- 23.11.2014 00:00
CHP Genel Başkanı Kemâl Kılıçdaroğlu, partisinin neden bu kadar ‘ortaya karışık’ halde olduğunu çözmüş. Kendisinden dinleyelim:
“Sık sık ‘AKP’nin derin devleti’ diyorum. MİT’in içindeki bir kanatla beraber CHP içinde operasyon yapmaya çalışıyorlar. Bu tuzağa da hiçbir CHP’linin düşmemesi lazım. Başta da kendisini ‘Ulusalcı’ olarak tanımlayan arkadaşların düşmemesi lazım.”
Bu sözlerde kayda değer üç nokta var. İlki, en son Dersim tartışmasında da ortaya çıktığı gibi, karşımızda en temel meselelerde dahi ortaklaşamayan, zayıf bir ana muhalefet partisi olduğudur. Ak Parti iktidarına politik alanda en büyük rakip olması gereken CHP, bu haliyle en büyük ‘demokrasi açığı’ sorunumuzdur. Bu zayıflık, en son ulusalcı kanattan önemli vekillerin CHP’den ayrılarak Anadolu Partisi çatısı altında birleşmesiyle ayyuka çıktı. Anladığım kadarıyla Kılıçdaroğlu da gündemi MİT’e kaydırmaya çalışarak, hem kendi partisindeki ulusalcılara, onları MİT’çi diye yaftalamakla gözdağı vermek istedi hem de partisinin dağınıklığını dış bir sebebe bağlayarak, parti içi hesaplaşma ve yüzleşmenin önünü almak istedi.
Peki Kemâl Bey, neden hedef olarak MİT’i seçti dersiniz? Ya da öncelikle şunu sorayım: Türkiye’de MİT’e en çok saldıran, her tür faaliyetini yasa dışı göstermeye çalışan, gerekirse yurtdışına ‘jurnalleyen’ odak deyince aklınıza ilk kim geliyor? Doğru bildiniz, hükümet MİT’i kendisine teslim etmeyince, çirkin yüzünü ilk kez 7 Şubat 2012’de açık şekilde gösteren paralel yapı. O gün, bugündür devleti ele geçirme planları kademe kademe suya düşen paralellerin birinci meselesi MİT. Yeri geldi Hakan Fidan’ı Esed’in hamisi olan İran’ın ajanı yaptılar, yeri geldi Esed’e karşı savaşan muhaliflere giden yardım tırlarını durdurarak El Kaide’ye destek veren kurum görüntüsü vermeye çalıştılar. Ancak herbir operasyonları teker teker suya düşünce de, bu sefer iç politika üzerinden MİT’e saldırmaya devam ediyorlar.

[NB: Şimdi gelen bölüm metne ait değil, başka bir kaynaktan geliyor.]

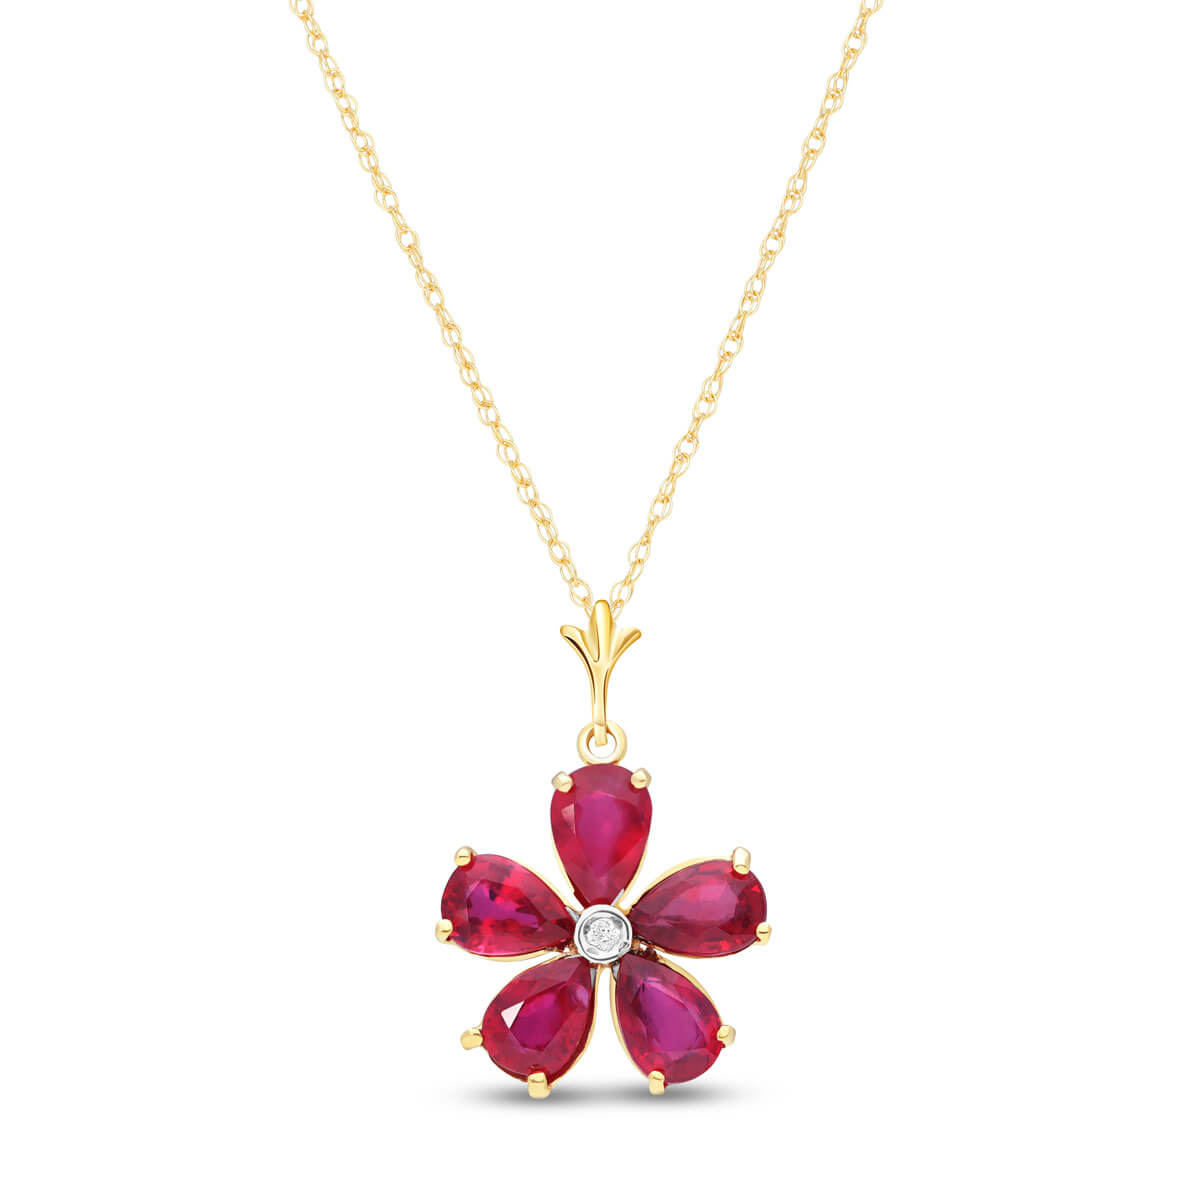 Ruby & Diamond Flower Petal Pendant Necklace in 9ct Gold

İşin komik yanı, bu yakınmada bulunan kişiyle, kendisi de bir kaset oyunuyla partisi karıştırılıp, dizayn edildikten sonra genel başkan olan kişinin, 17-25 Aralık’tan bu yana artan biçimde paralel istihbarat hattına bağlı yaşayan kişinin, kendisine sızdırılan yasadışı kasetleri meclis kürsüsünden dinleterek Ak Parti’yi dizayn edebileceğini zanneden kişinin aynı olması. Gerçi belki de Kılıçdaroğlu tam da bu sebeple MİT’ten müştekidir, kim bilir…
Bu arada Kılıçdaroğlu’nun iddiası da ‘zaman ayarlı’. Bu hafta içerisinde, değişen MİT Kanunu çerçevesinde meclis denetimine giren MİT’in, meclisteki dört partinin üyelerinden oluşan komisyonla yapacağı ilk toplantı gerçekleşmesi bekleniyor. Böylelikle hem meclis denetimine giren MİT’in hem de istihbari faaliyetleri direkt olarak sorgulama yetkisine sahip olan TBMM’nin prestijinin artması ve iki kurum arası işbirliğinin ülke menfaatleri çerçevesinde pekiştirilmesi söz konusu olacak. Bu bağlamda değerlendirildiğinde, Kılıçdaroğlu’nun sözlerine paralel frekansın karıştığını düşünmemek zor.
MİT’in, ‘Ak Parti’nin derin devleti’ olduğuna dair emareler nedir, bununla MİT’in olması gerektiği gibi hükümet denetimine girmesi mi kast ediliyor, bilmiyorum. Ancak bundan evvel Kılıçdaroğlu’nun ‘paralel devletin partisi’ne dönen kendi partisine bakmasında fayda var.